WATER REGENERABLE CATALYTIC CARBON ADSORPTION: A CASE STUDY AT THE BROADWATER WATER RECLAMATION FACILITY
Authors: Kazmierczak, Marty; Loomis, Peter; Johnson, Marty
Source: Proceedings of the Water Environment Federation, Odors and VOC Emissions 2000 , pp. 1085-1101(17)
Publisher: Water Environment Federation
Abstract:The Anne Arundel County Department of Public Works in Annapolis, Maryland has implemented an odor control program for their sewage collection systems and water reclamation facilities.

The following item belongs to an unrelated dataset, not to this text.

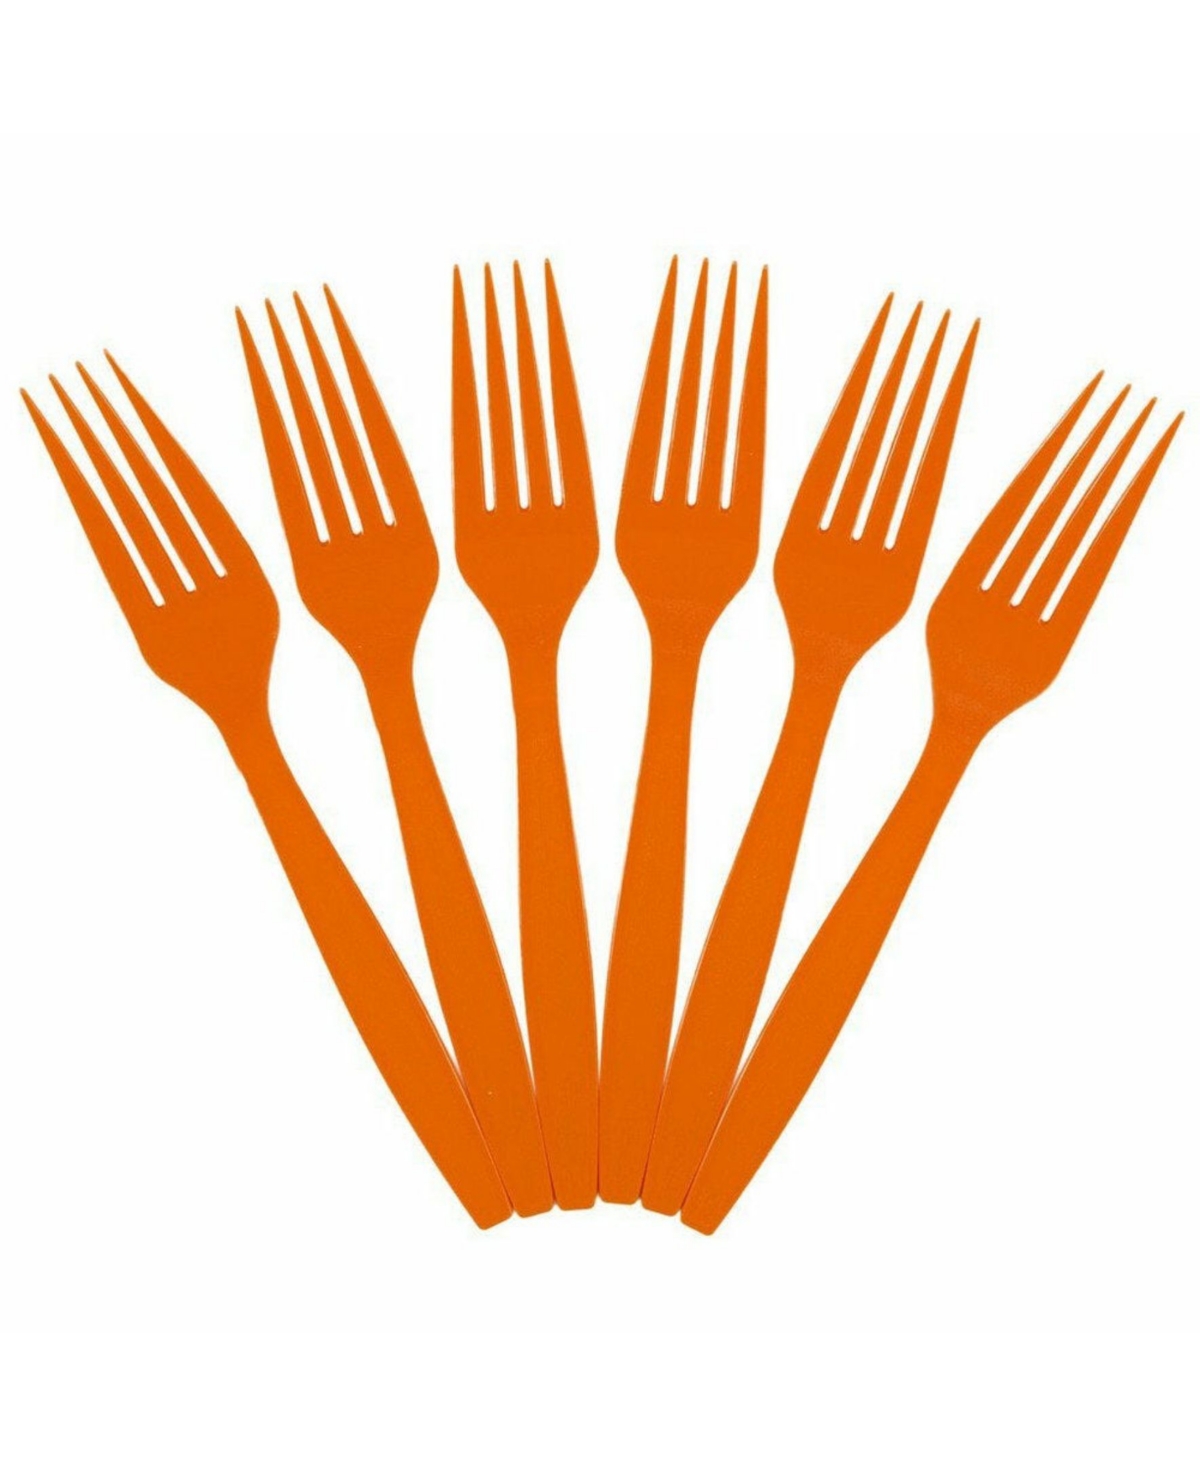 Jam Paper Big Party Pack Of Premium Plastic Forks In Orange

As part of that program, Parsons Engineering Science, Inc. (Parsons) evaluated treatment technologies for odors emanating from the headworks of the Broadwater Water Reclamation Facility (WRF). Wet scrubbing, carbon adsorption, and bio-filtration were evaluated based upon technical and economic criteria.
The evaluation was based upon enclosing the existing headwork structure and ventilating it at 12 air changes per hour or 3,300 cfm. Average and peak levels of 10 and 15 ppm of hydrogen sulfide (H2S) were used in the evaluation.

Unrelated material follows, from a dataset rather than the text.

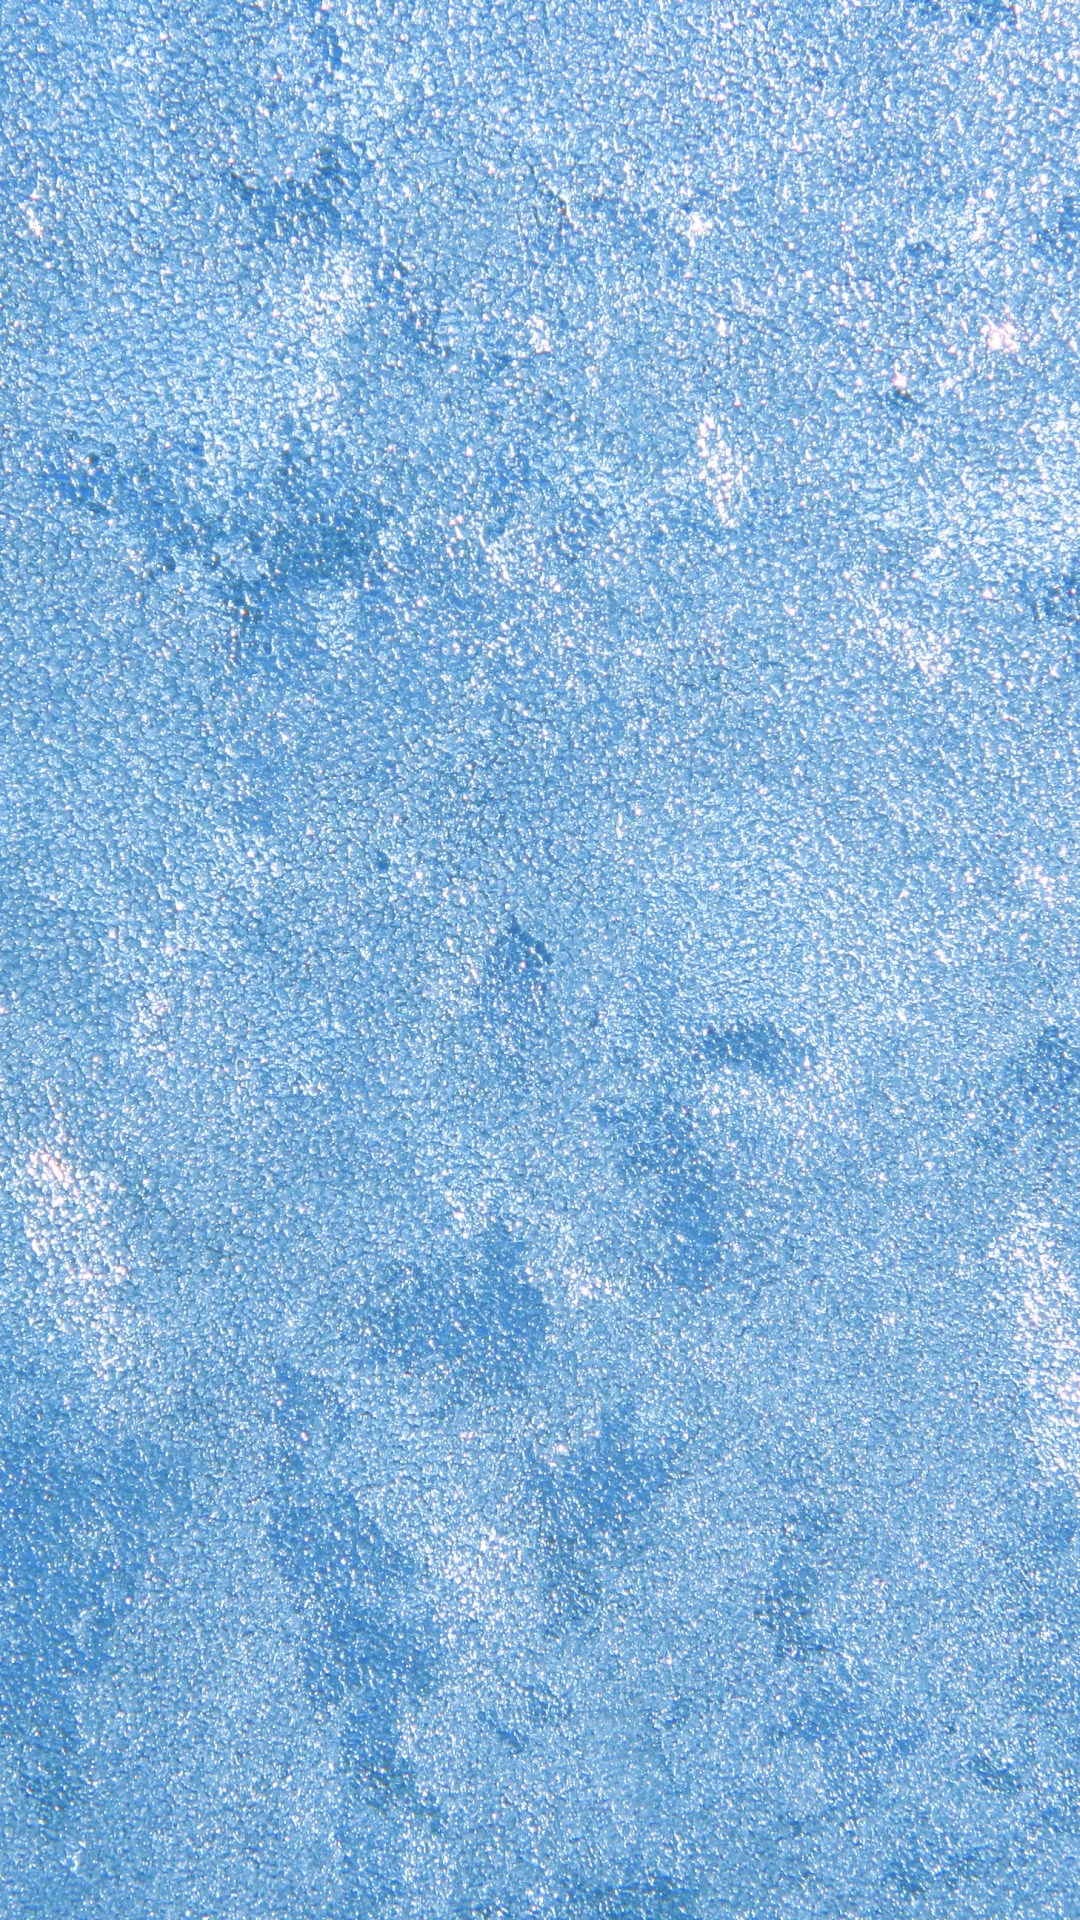 Peinture Abstraite Bleue et Blanche. Wallpaper in 1080x1920 Resolution

The evaluation team concluded that a carbon adsorption system using a water-regenerable, catalytic carbon was the most viable alternative considering site space restrictions, degree of odor reduction, safety concerns, net present cost, and required permitting for construction. The design resulted in selection of a Calgon PhoenixTM 4000 carbon adsorption unit for odor control.
During periodic water-regeneration of the carbon, a dilute sulfuric acid waste stream is formed with resulting pH values below 2.0. In most applications, this intermittent waste stream is simply discharged and combined with the influent wastewater stream. At the Broadwater WRF, however, average daily flows can fall below 0.8 mgd and the influent alkalinity is often below 140 mg/l. Addition of the acid waste stream to the influent wastewater created the potential for destruction of most of the alkalinity and hence, pH depression, which could inhibit the downstream biological nutrient removal (BNR) process. To protect the downstream biological process, the acid waste stream was contacted in a separate, in-ground, neutralization tank containing high calcium limestone prior to discharge.
The odor control system was put into service in November 1999. In the initial 3 months of operation, the unit has achieved an estimated 99 percent or greater reduction of H2S. Furthermore, odors are not perceptible at the unit outlet. The neutralization tank has also been effective in converting the acid waste stream from a pH of 2.0 to pH values of approximately 7.8. No odors have been reported in the vicinity of the headworks and after several regeneration cycles, there have been no detrimental impacts from the neutralized acid waste stream upon the downstream biological processes. As a result of the success of this installation, Parsons will be applying waterregenerable, catalytic carbon adsorption technology at additional client locations.